Such a fire detector (wireless device) is driven by a battery in order to take advantage of the characteristic of transmitting fire detection information with a radio signal, and is usually used for maintenance (battery replacement) like an indoor ceiling. Since it is installed in a difficult place, it is desirable that it can be used without maintenance for a long period of time such as several years. Therefore, each fire detector intermittently activates a receiving circuit to check whether or not a desired radio wave (a radio signal transmitted by another fire sensor) can be received. It is desired to significantly reduce the average power consumption by stopping the receiving circuit and shifting to the standby state.
JP 2006-343983 A

  However, if it detects a radio wave (unwanted wave) that you do not want to receive, such as a radio wave used in other wireless transmission systems or a radio wave (noise) generated from a device, the receiver circuit will start and the battery will There was a risk of being wasted.

  The present invention has been made in view of the above circumstances, and an object of the present invention is to provide a wireless transmission system capable of preventing wasteful consumption of batteries by receiving undesired waves. .

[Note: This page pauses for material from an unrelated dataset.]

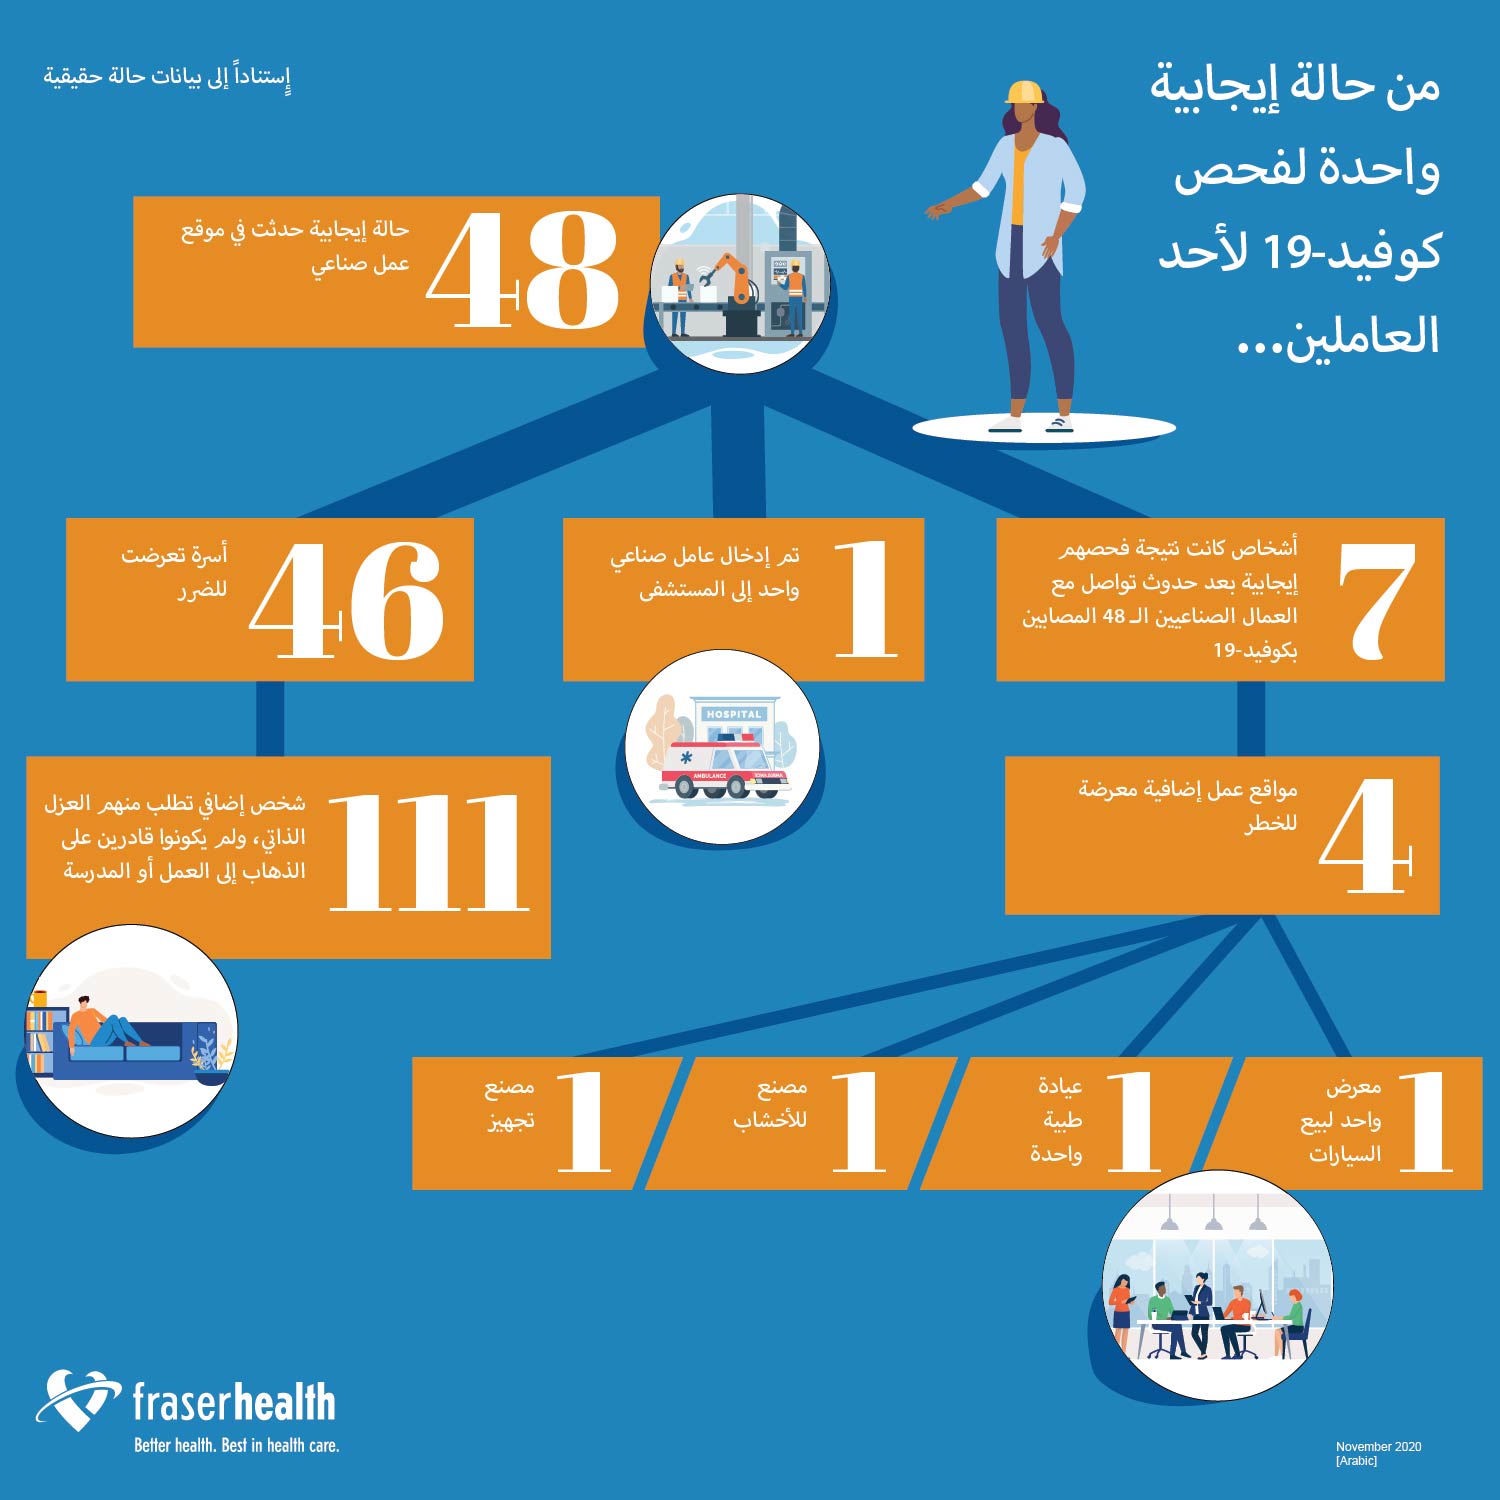 Worksite infographic in Arabic

  In order to achieve the above object, a first aspect of the present invention is a wireless transmission system including a plurality of wireless devices and transmitting wireless signals between the plurality of wireless devices, wherein each wireless device transmits a wireless signal. At least one of transmitting means for transmitting or receiving means for receiving a radio signal and a battery for supplying power are commonly provided, and a radio having the transmitting means has 0 and 1 in one frame of the radio signal. Synchronization bit pattern detection means for detecting a synchronization bit pattern of a radio signal received by the reception means. And the timing at which the synchronization bit pattern detection means detects the synchronization bit pattern matches the period, it is determined that the signal is a normal radio signal and A determination means for determining that the wireless signal is not a normal wireless signal if the signal does not match the period, and a control means for stopping the reception means when the determination means determines that the wireless signal is not a normal wireless signal. To do.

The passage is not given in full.